Intricate patterns of brilliant tints formed and faded, beating in silent bursts
of color upon the young man's eyeballs.
Simultaneously, there came the impression of sound. From a whisper it rose into
a glorious, ringing shout that wavered up and down the scale in quivering
tremolos. He seemed to hear every instrument from fife to bass viol
simultaneously, and yet, paradoxically, each rang in his ear in solitary
clearness.
And together with this, there came the more subtle sensation of odor. From a
suspicion, a mere trace, it waxed into a phantasmal field of flowers. Delicate
spicy scents followed each other in ever stronger succession; in gentle wafts of
pleasure.
Yet all this was nothing. Fields knew that. Somehow, he knew that what he saw,
heard, and smelt were mere delusions--mirages of a brain that frantically
attempted to interpret an entirely new conception in the old, familiar ways.
Gradually, the colors and the sounds and the scents died. His brain was
beginning to realize that that which beat upon it was something hitherto
unexperienced. The effect of the hormone became stronger, and suddenly--in one
burst--Fields realized what it was he sensed.
He didn't see it--nor hear it--nor smell it--nor taste it--nor feel it. He knew
what it was but he couldn't think of the word for it. Slowly, he realized that
there wasn't any word for it. Even more slowly, he realized that there wasn't
even any concept for it.
Yet he knew what it was.
There beat upon his brain something that consisted of pure waves of
enjoyment--something that lifted him out of himself and pitched him headlong
into a univeise unknown to him earlier. He was falling through an endless
eternity of--something. It wasn't sound or sight but it was--something.

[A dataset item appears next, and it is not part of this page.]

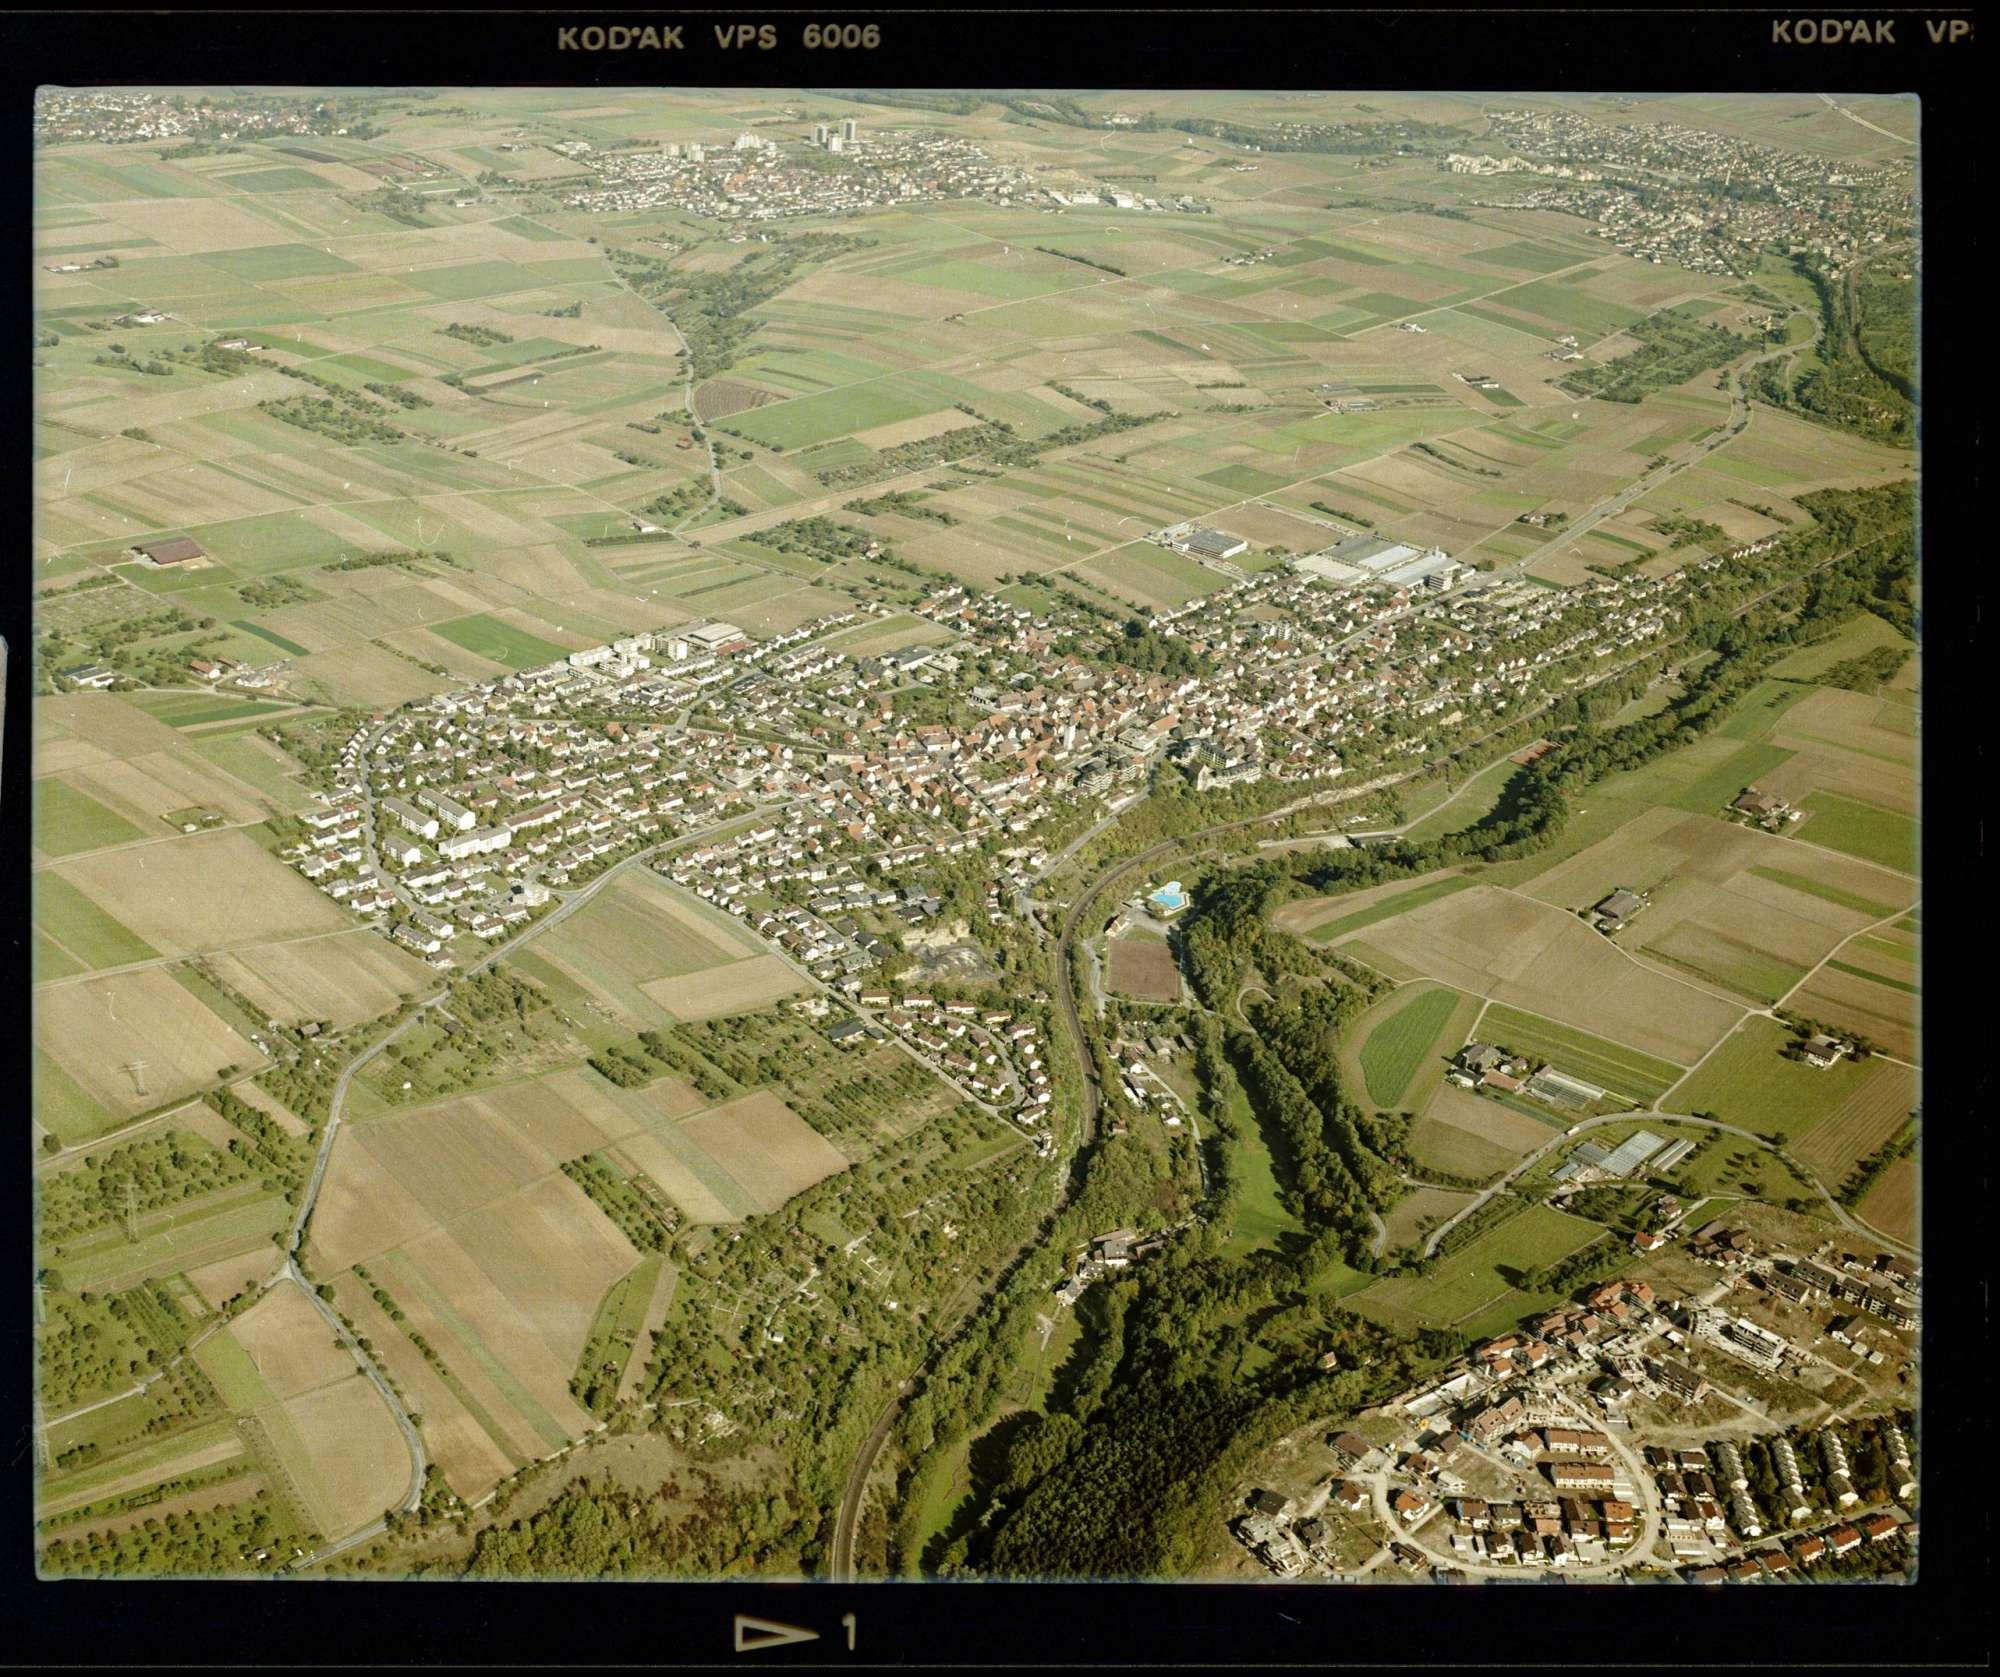 Höfingen, Luftbild, Bild 1

Something that enfolded him and hid his surroundings from him--that's what it
was. It was endless and infinite in its variety and with each crashing wave, he
glimpsed a farther horizon, and the wonderful cloak of sensation became thicker
--and softer--and more beautiful.
Then came the discord. Like a little crack at first--marring a perfect beauty.
Then spreading and branching and growing wider, until, finally, it split apart
thunderously--though without a sound.
Lincoln Fields, dazed and bewildered, found himself back in the concert room
again.
He lurched to his feet and grasped Garth Jan by the arm violently, "Garth! Why
did he stop? Tell him to continue! Tell him!"

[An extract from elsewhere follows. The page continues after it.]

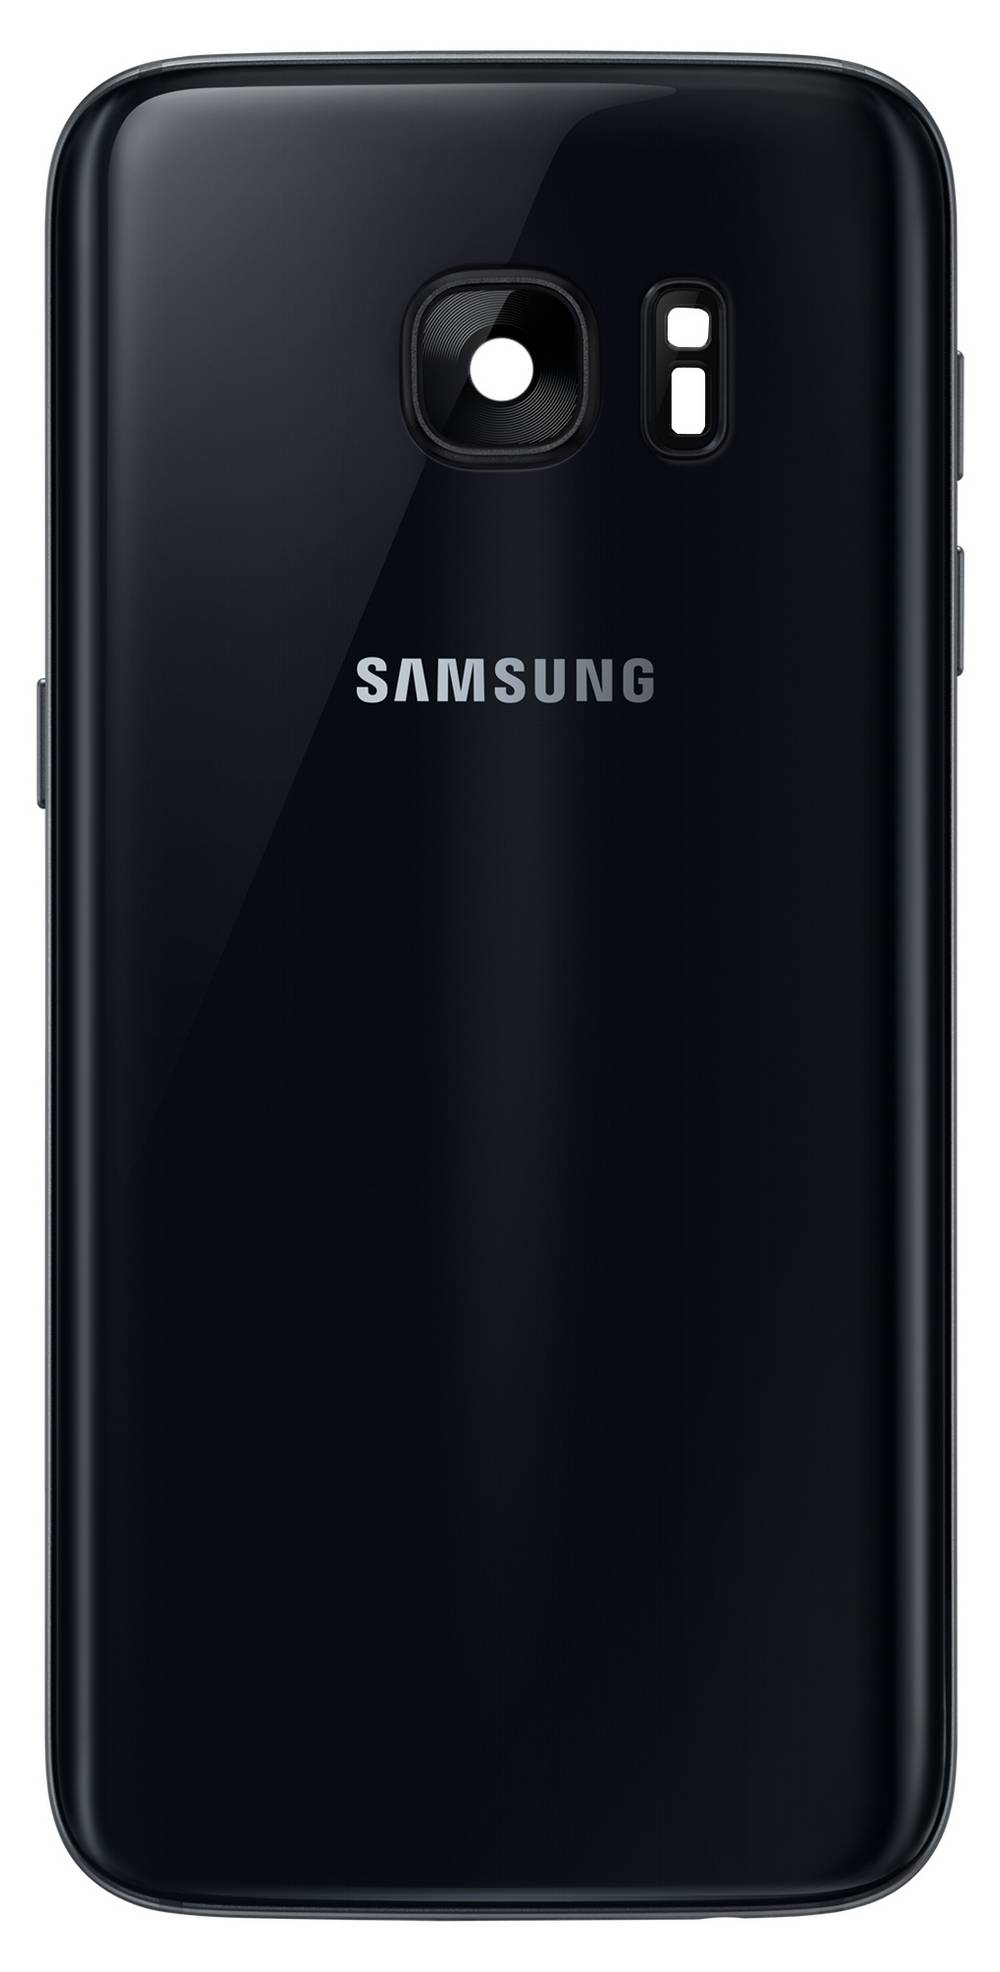 Καπάκι Μπαταρίας Samsung SM-G930F Galaxy S7 Μαύρο Original GH82-11384A

Garth Jan's startled expression faded into pity, "He is still playing, Lincoln."
The Earthman's befuddled stare showed no signs of understanding. He gazed about
him with unseeing eyes. Novi Lon's fingers sped across the keyboard as nimbly as
ever; the expression on his face was as rapt as ever. Slowly, the truth seeped
in, and the Earthman's empty eyes filled with horror.

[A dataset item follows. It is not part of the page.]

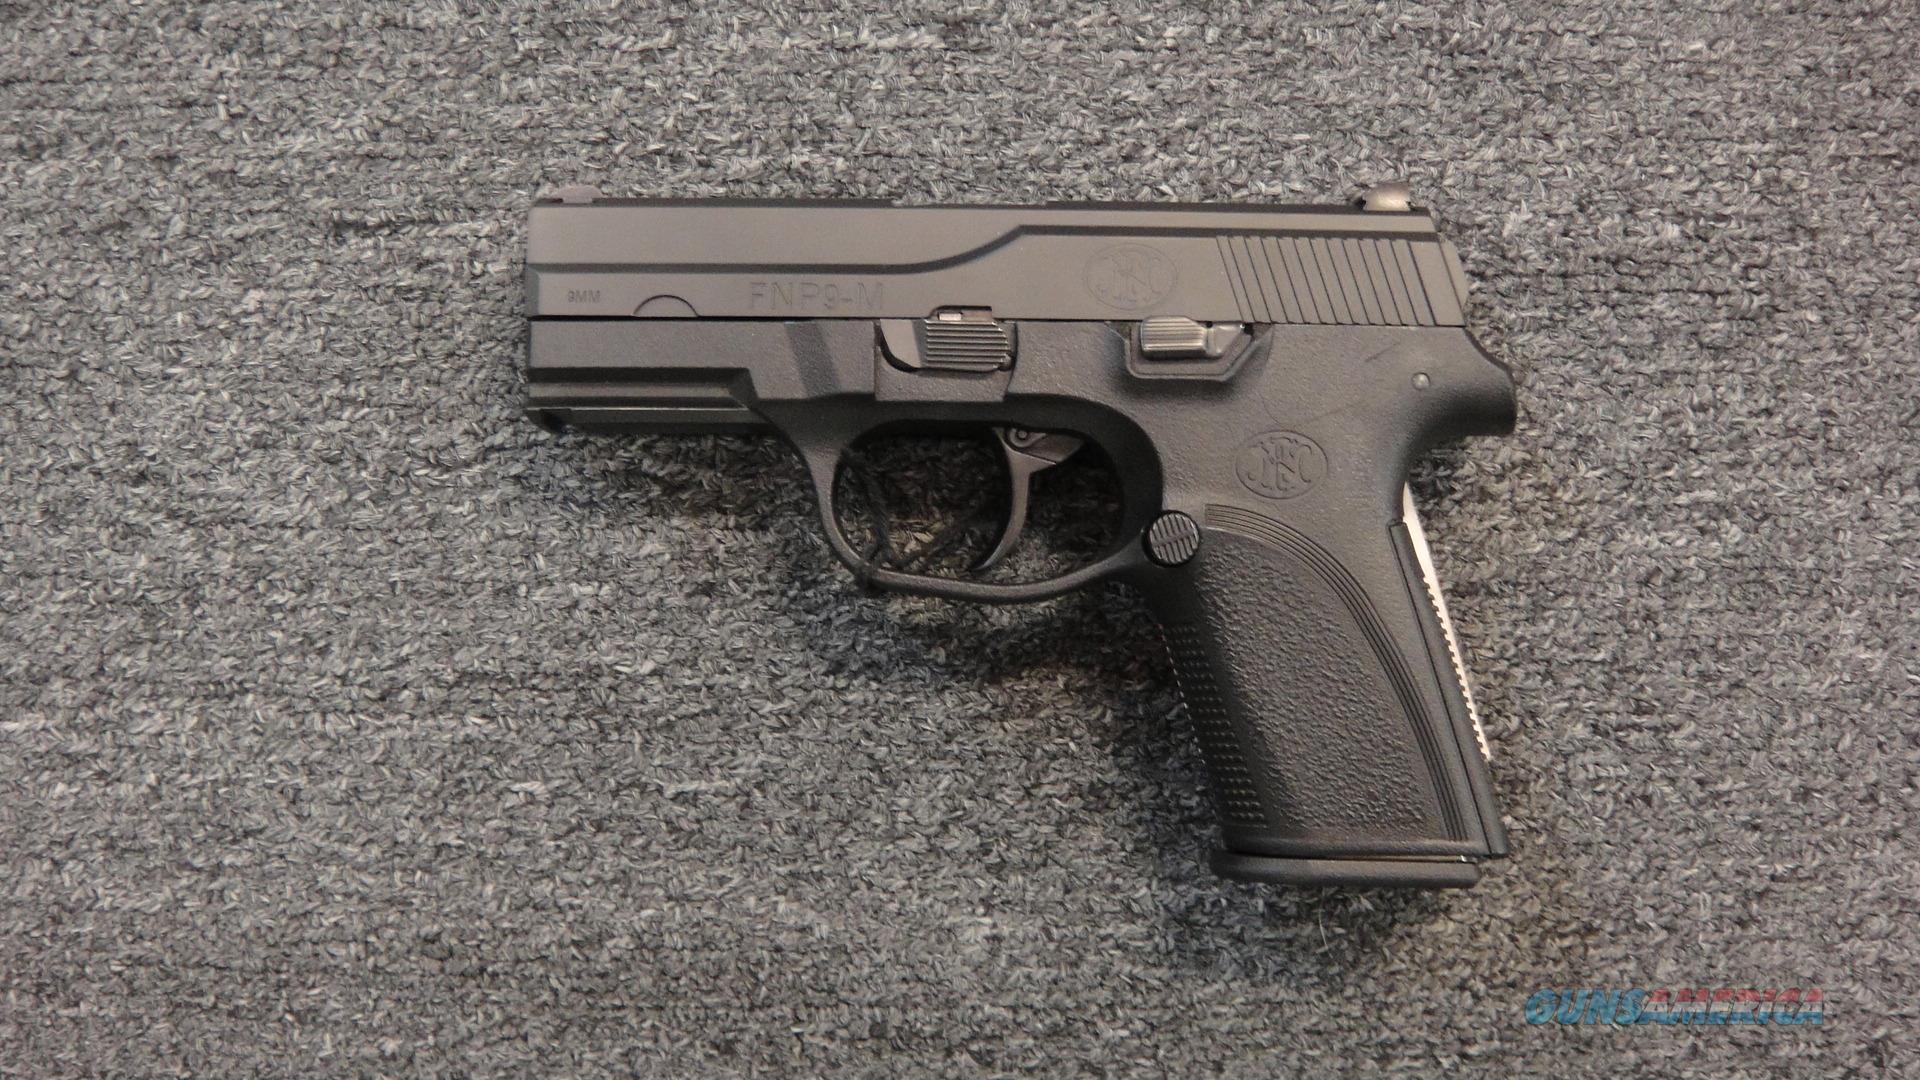 FNH FNP9-M (store demo)  Guns > Pistols > FNH - Fabrique Nationale (FN) Pistols > FNP

He sat down, uttering one hoarse cry, and buried his head in his hands.
The five minutes had passed! There could be no return!
Garth Jan was smiling--a smile of dreadful malice, "I had pitied you just a
moment ago, Lincoln, but now I'm glad--glad! You forced this out of me--you made
me do this. I hope you're satisfied, because I certainly am. For the rest of
your life," his voice sank to a sibilant whisper, "you'll remember these five
minutes and know what it is you're missing--what it is you can never have again.
You are blind, Lincoln,--blind!"
The Earthman raised a haggard face and grinned, but it was no more than a
horrible baring of the teeth. It took every ounce of will-power he possessed to
maintain an air of composure.
He did not trust himself to speak. With wavering step, he marched out of the
room, head held high to the end.
And within, that tiny, bitter voice, repeating over and over again, "You entered
a normal man! You leave blind--blind--BLIND."